More than one in five women miss their lunch break
According to Edenred's survey, more than one in five women misses at least part of their lunch break at work or eats a quick lunch while working. 15% of men do this. How do lunch habits affect work efficiency and health in the longer term?
Women miss a proper lunch break more often
More than one in five Finnish women, i.e. 22%, do not use the entire meal break at work or have a quick lunch while working. 15% of men are in a hurry with lunch. Instead of taking a lunch break, it is common to eat while working, especially in the social and health sector, this is what one in three people working in the sector said they do.
When women take a meal break at work, it is also significantly shorter than men's. About half of Finns, or 53%, work where the meal break is 30 minutes. 58% of women and 48% of men have a half-hour meal break. Women also rarely have a meal break of more than half an hour, according to the survey, only 14% of women and 31% of men had a 30–60 minute meal break.
"Compromising on lunch is a bad thing, because lunch has a variety of good health effects. A versatile lunch keeps blood sugar steady, increases alertness and reduces snacking. Eating a proper lunch offers an opportunity for a small break in the middle of the working day, which helps with stress management and recovery. The social importance of lunch should not be forgotten either." Laura Kuusela, director of sustainability at Edenred Finland, states.
The information comes from a survey conducted by Edenred Finland in October 2022. One thousand employed Finns between the ages of 18 and 62 responded to the survey, of which 51 percent were men and 49 percent were women. The survey is nationally representative according to gender, age and area of residence.
Bargaining for lunch is not always your choice
However, taking a lunch break is not always in the employee's own hands. Women work more often than men in positions where a proper lunch break is challenging to implement. These jobs are found, for example, in hospitals, institutions, and companies, where the work is done on a rotating basis at customers' homes. According to Statistics Finland, 87% of those working in the health and wellness fields are women. There 79% of women work in the areas of breeding.
Young employees, i.e. 18-25-year-olds, skip lunch more often than older employees – one in five does this. Still, young employees in particular wish for a lunch benefit in their employment benefits, which, according to the survey, they do not often use. Even half of the young employees wished for a lunch benefit.

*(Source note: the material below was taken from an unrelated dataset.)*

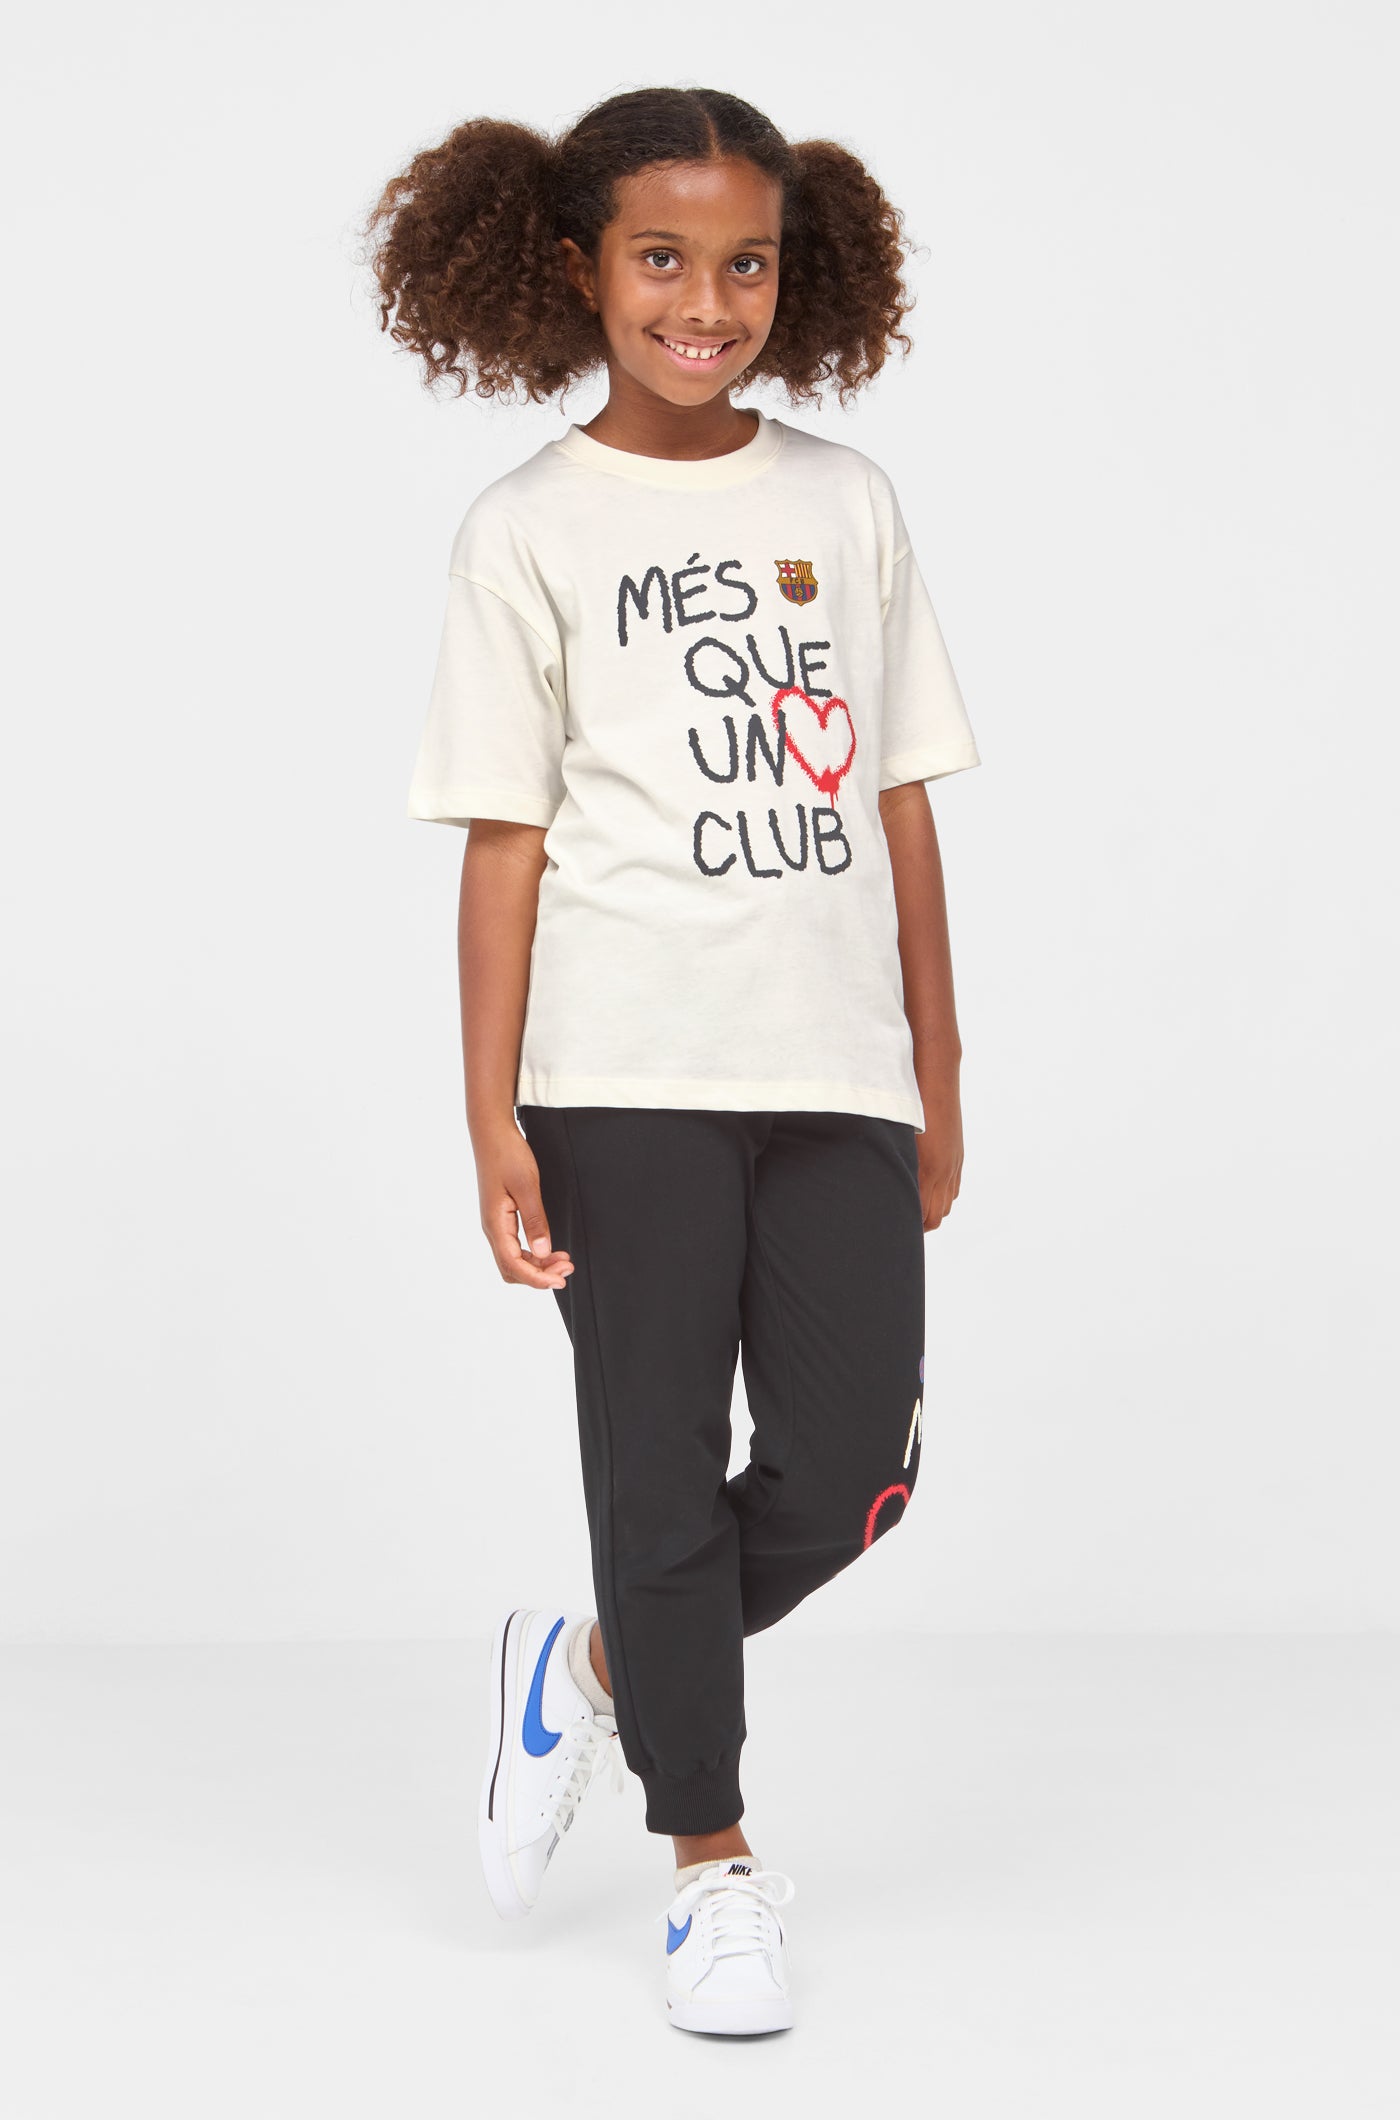 Camiseta “Més que un club” - Junior

"Young employees value the lunch benefit and other benefits the most, with which you can, for example, buy cultural and sports services and commuting tickets. This is what both 18-25-year-old and 25-40-year-old employees think. This gives a clue to thinking about future employee benefits. Breakfasts, parties, the telephone, and even intangible benefits such as remote work were clearly less important to young people than the traditional lunch benefit," says Kuusela.
Remote work has also affected lunch habits
During the Covid period, there was a widespread shift to remote work, and many have continued to work remotely even after the pandemic subsided. Often when working at home, the absorption of work can make you take a very short lunch break and the break can be forgotten anyway.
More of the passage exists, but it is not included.